- **TASK PROMPT**: Return the data below exactly, please, but drop the pictures.

- **DATA BLOCK**:
◆ ◆ ◆ ◆ ◆
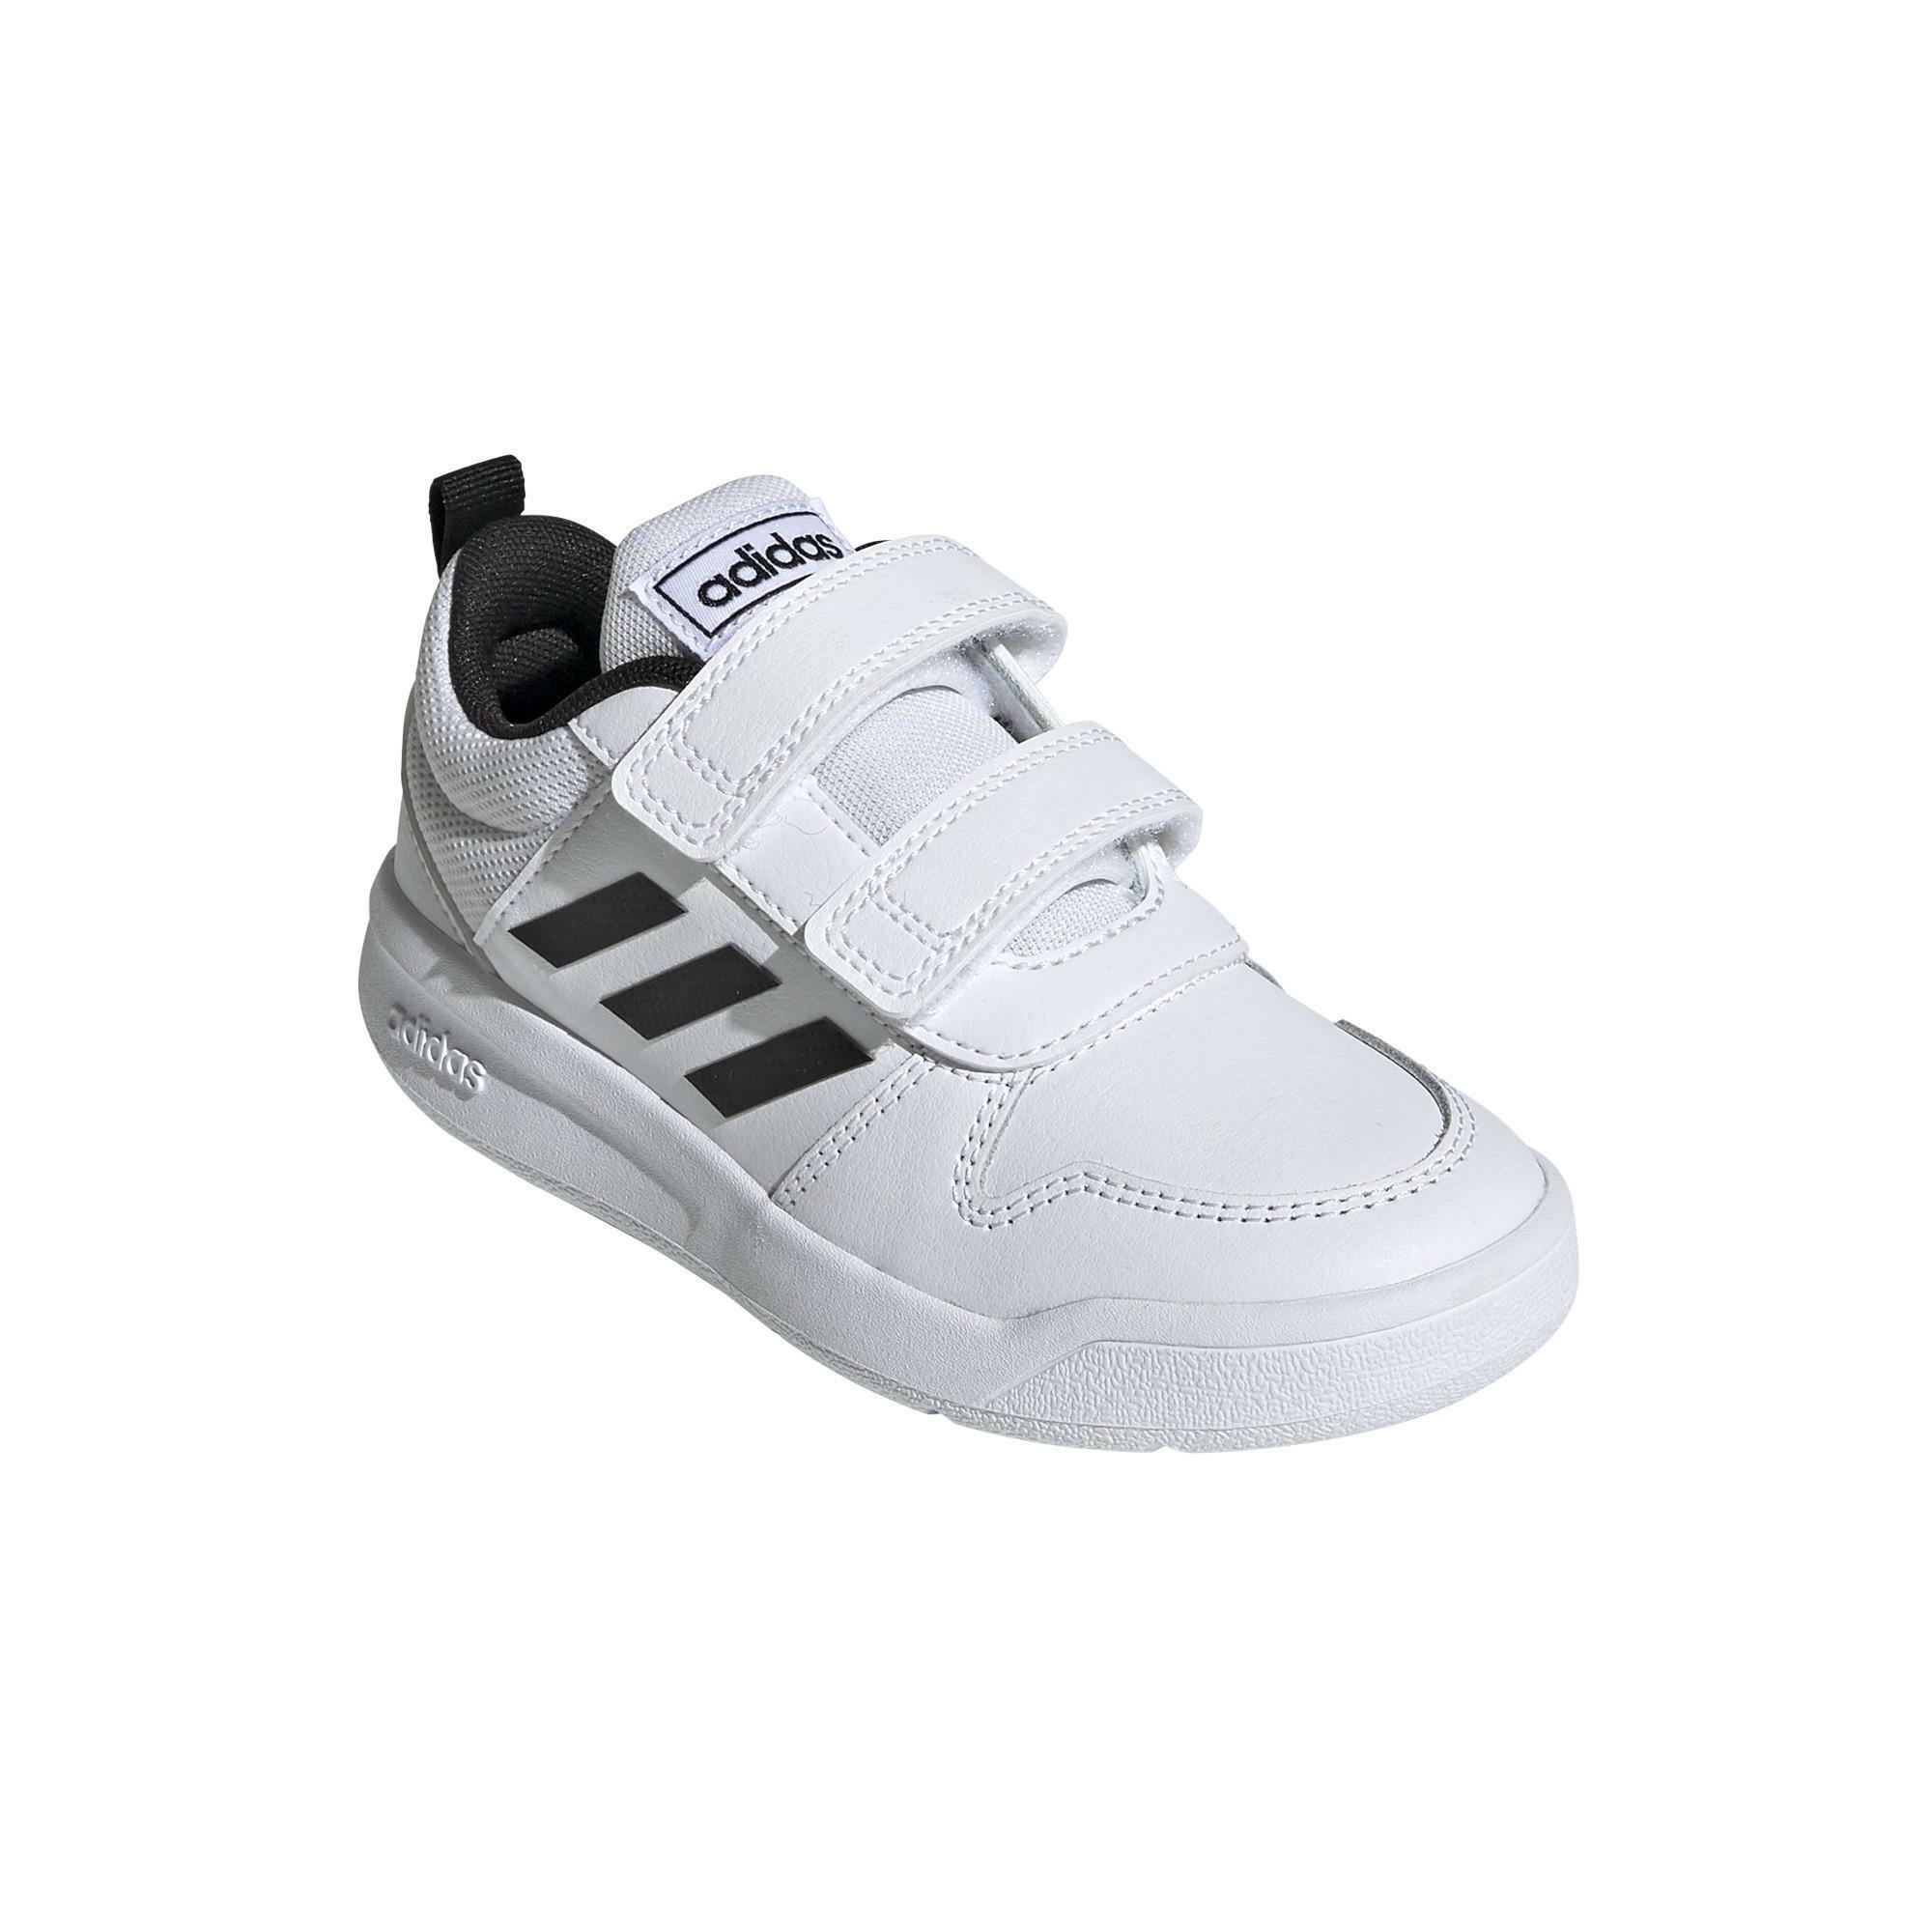 adidas tensaur c bambino stappo sportivo ef1093 bianco
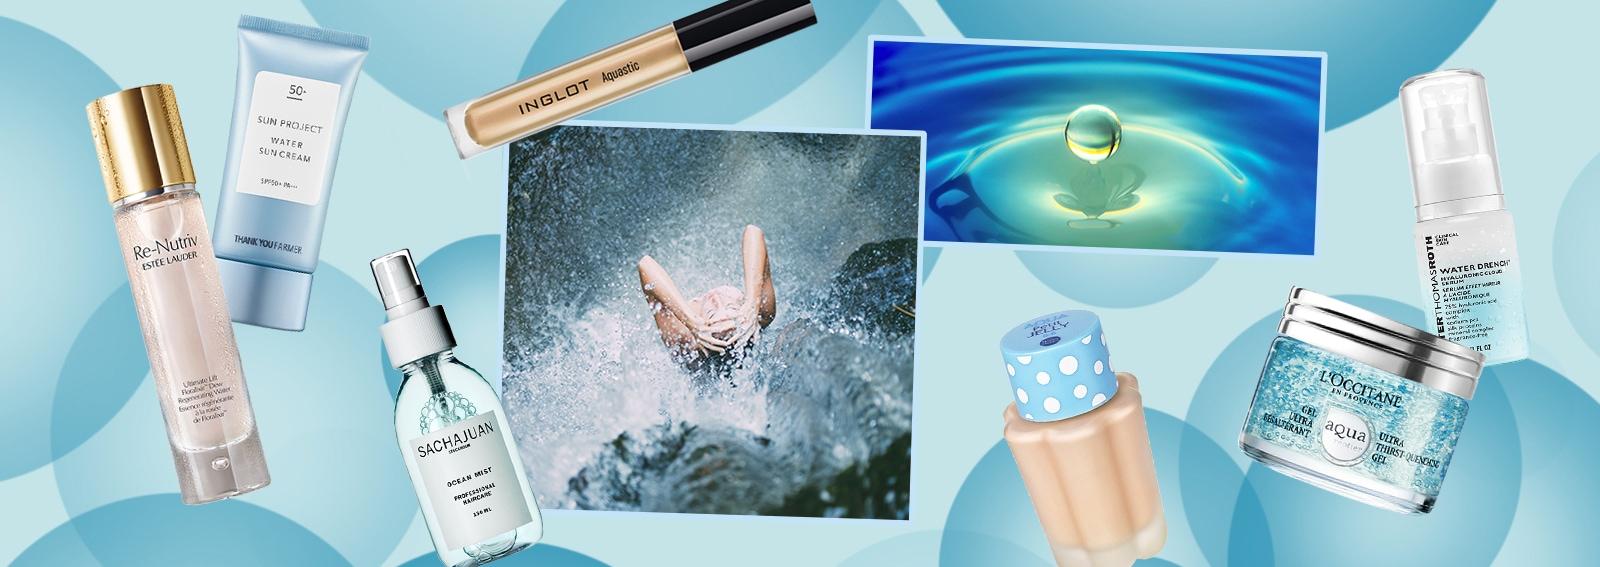 Il nuovo focus è la pelle idratata, da realizzare con tutti i prodotti a base d'acqua
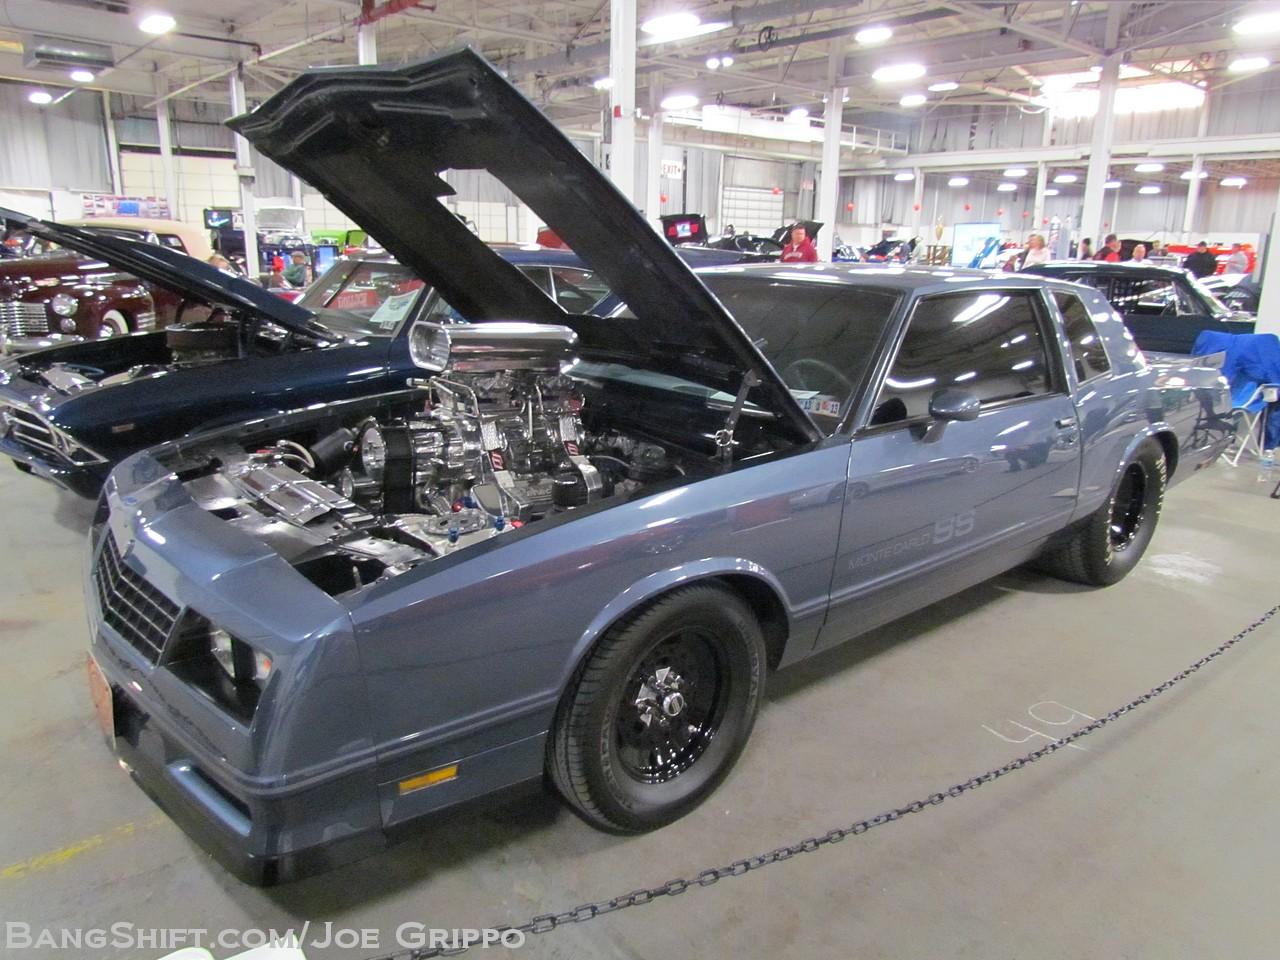 2013 Northeast Rod And Custom Car Show Autos Post
◆ ◆ ◆ ◆ ◆
- **ANSWER TO THIS TASK**:
 adidas tensaur c bambino stappo sportivo ef1093 bianco
 Il nuovo focus è la pelle idratata, da realizzare con tutti i prodotti a base d'acqua
 2013 Northeast Rod And Custom Car Show Autos Post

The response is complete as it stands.